Department of Endocrinology and Metabolism, The First Affiliated Hospital of Xi'an Jiaotong University, No.277 West Yanta Road, 710061, Xi'an, People's Republic of China.
Department of Endocrinology, The First Affiliated Hospital of Zhengzhou University, 450052, Zhengzhou, People's Republic of China.
BMC Endocr Disord. 2021 May 10;21(1):98. doi: 10.1186/s12902-021-00755-0.
Manifestations of hypokalaemia in ectopic adrenocorticotropic hormonesyndrome(EAS) vary from mild muscle weakness to life-threatening arrhythmia. Herein, we present a rare case of EAS with concomitant rhabdomyolysis(RM) as a result of intractable hypokalaemia.
A 64-year-old man was admitted for limb weakness and facial hyperpigmentation for 2 weeks. Lab tests revealed intractable hypokalaemia (lowest at 1.8 mmol/L) and metabolic alkalosis. The diagnosis of RM was based on a creatine kinase(CK)level of 5 times the upper limit. The elevated CK and myohemoglobin (Mb) levels returned to within the normal range after the alleviation of hypokalaemia. The patient was diagnosed with ACTH-dependent Cushing's syndrome (CS) based on unsuppressed serum cortisol after a low-dose dexamethasone suppression test(LDDST) and remarkably elevated ACTH levels.
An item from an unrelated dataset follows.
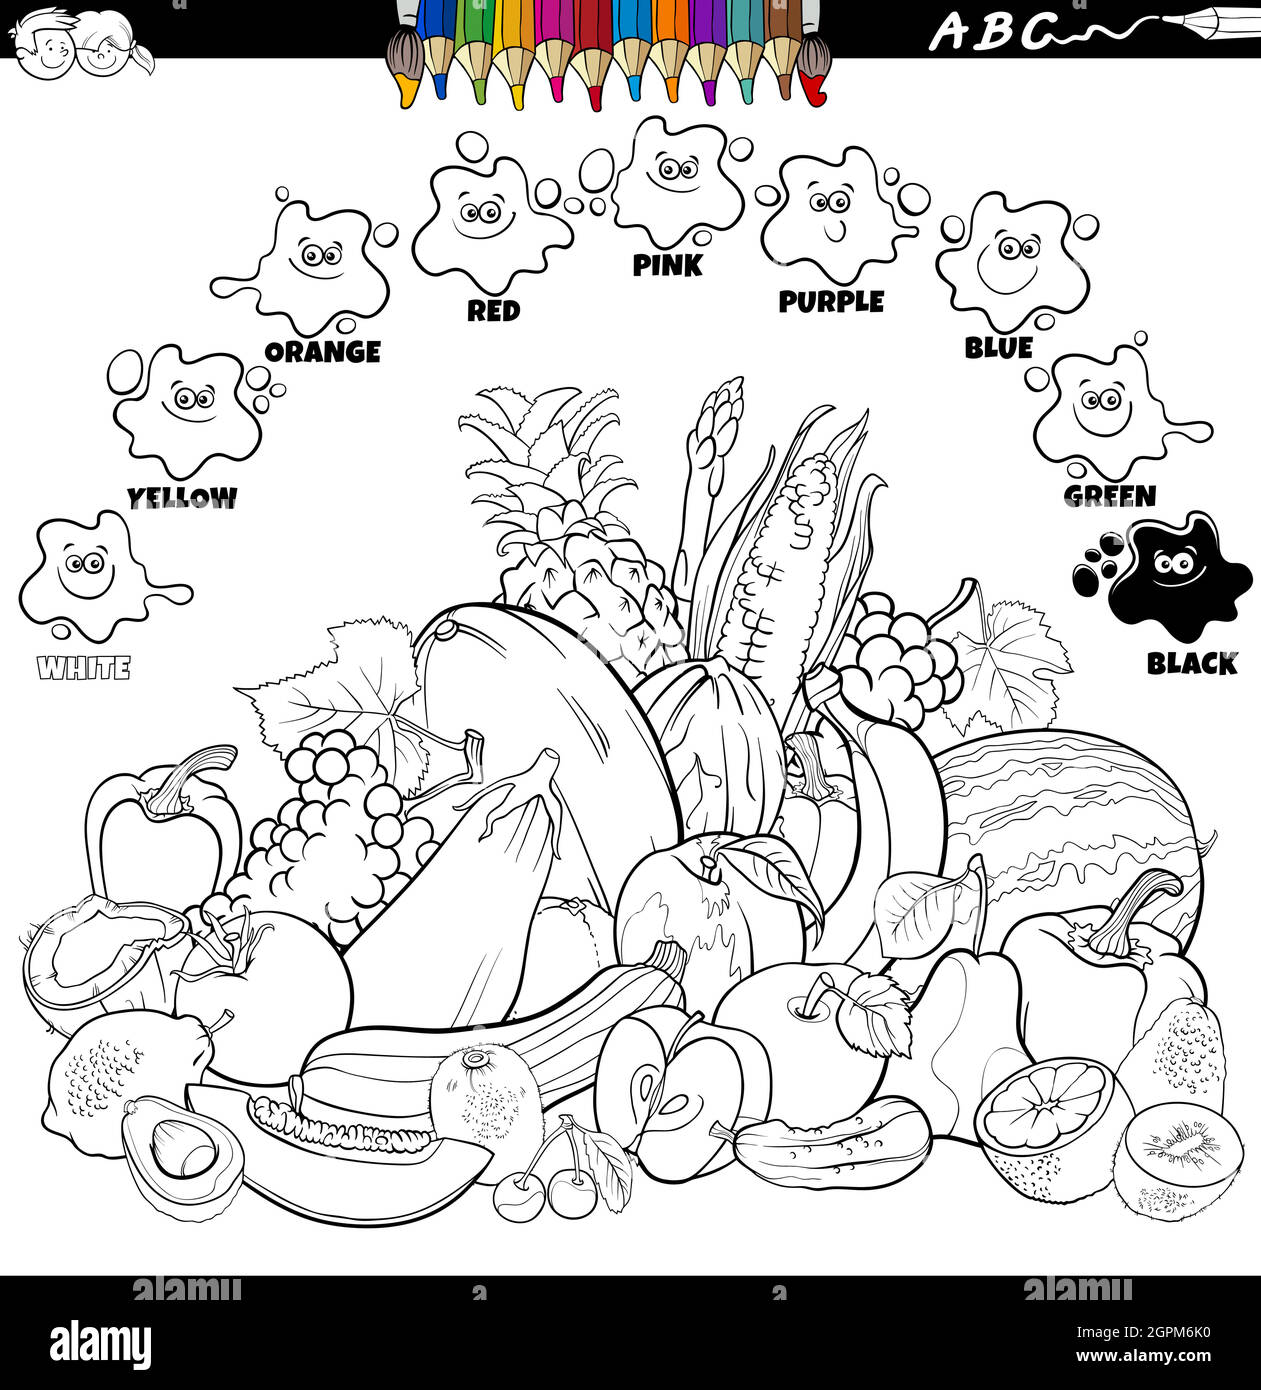 Free Printable Colouring Pages and Sheets for Kids | FirstCry Parenting

The diagnosis of EAS was made based on the results of a high-dose dexamethasone suppression test(HDDST) and bilateral inferior petrosal sinus sampling(BIPSS). Multiple lymph nodes in the left supraclavicular fossa, right root of neck, mediastinum and bilateral hili of the lung were found with abnormal uptake of Ga-DOTA-NOC. Mediastinoscopic lymph node biopsy was performed. The pathological diagnosis was small-cell and large-cell neuroendocrine carcinoma with positive ACTH staining. The patient was prescribed mifepristone and received one cycle of chemotherapy. The patient could not tolerate subsequent chemotherapy and died of dyscrasia.
RM is a rare complication of EAS with insidious onset and atypical clinical manifestations. Serum potassium levels should be vigilantly monitored to avoid RM in EAS.
异位促肾上腺皮质激素综合征(EAS)导致的低钾血症表现从轻度肌肉无力到危及生命的心律失常不等。在此,我们报告了一例罕见的 EAS 病例,由于难以纠正的低钾血症导致横纹肌溶解症(RM)。
一名 64 岁男性因四肢无力和面部色素沉着 2 周入院。实验室检查发现难治性低钾血症(最低 1.8mmol/L)和代谢性碱中毒。根据肌酸激酶(CK)水平升高 5 倍诊断为 RM。低钾血症缓解后,CK 和肌红蛋白(Mb)水平升高恢复正常范围。根据小剂量地塞米松抑制试验(LDDST)后血清皮质醇未被抑制和 ACTH 水平显著升高,该患者被诊断为 ACTH 依赖性库欣综合征(CS)。EAS 的诊断基于大剂量地塞米松抑制试验(HDDST)和双侧岩下窦采血(BIPSS)结果。左锁骨上窝、右颈根部、纵隔和双侧肺门发现多个淋巴结摄取 Ga-DOTA-NOC 异常。进行了纵隔镜淋巴结活检。病理诊断为小细胞和大细胞神经内分泌癌,伴 ACTH 染色阳性。患者被处方米非司酮,并接受了一个周期的化疗。但患者无法耐受后续化疗,最终死于血液系统疾病。
RM 是 EAS 的罕见并发症,起病隐匿,临床表现不典型。EAS 时应密切监测血清钾水平,避免发生 RM。